As it often does, Six Feet Under presents another side of an episode’s central concept. Most of the secrets in the episode are truths that the characters would like to conceal, like Taylor and Karla’s secret about the hit-and-run victim. But a secret can also be something you’d very much like to know. And Nate would like to know this secret to everything, the secret that would give a richness and deeper purpose to his existence. He’s done the hippie thing. He’s talked to a rabbi. As he tells the Srisais at the intake meeting, he read Zen And The Art Of Motorcycle Maintenance in high school. And most recently, he’s settled down into a “caring” long-term relationship. None of it gave him the secret. Maybe the kid is the key!

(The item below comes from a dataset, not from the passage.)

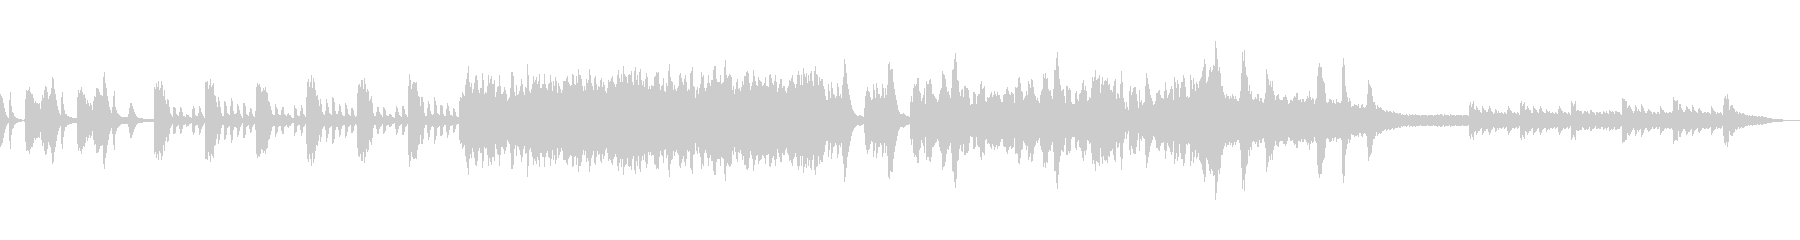 幻想的な雰囲気のピアノ曲の未再生の波形

So he tells Lisa, “I want to be a part of our child’s life. I don’t only want to, I need to.” She’s skeptical but pleasantly surprised. He’s not just doing this because Brenda said it was the right thing to do, is he? “No, she doesn’t even know about it!” he says with a smile. A smile! He has no conception of how awful this is. Lisa is mortified: “If you can’t ever put anybody but yourself first, how can you be a father?” She’s got him there.

Of course, the reason Brenda doesn’t matter to Nate at this point is that she doesn’t have the secret to everything after all. He’s been holding out less and less hope that their bond might lead to that big revelation he so desired. But it hasn’t. Life has continued much the same as ever. The child offers fresh hope. So screw Brenda. That bright, shiny kid might give him all the answers yet.

Stray observations:

  • As always, the first comment thread is for discussion of future episodes. If you want to stay unaware of upcoming developments, collapse that thread.
  • When Taylor comes back to the apartment after Karla gets busted, she looks at David with that same resentful look that Keith often shoots at his lover. Aysia Polk, the actor who played Taylor, was about 11 when this episode was filmed. That’s a pretty ferocious look for an 11-year-old.
  • Speaking of the secondary cast, Kellie Waymire—who played Melissa—died in 2003, so this was one of her last major roles. She provided a great foil to Rachel Griffiths throughout the season, with Melissa acting as part therapist, part enabler, and part spectator, and “The Secret” was Waymire’s best episode. Her final “Just can it, sweetheart” speech in the elevator is a killer.
  • My favorite moment of the episode: David stumbling into the intake meeting with the Srisais and instantly switching into Ultra Super Funeral Director mode.
  • And now, it’s time for this week’s Oh, Shut Up, Lisa. This week: “So is the Western medicine controlling the seizures?” This has been Oh, Shut Up, Lisa.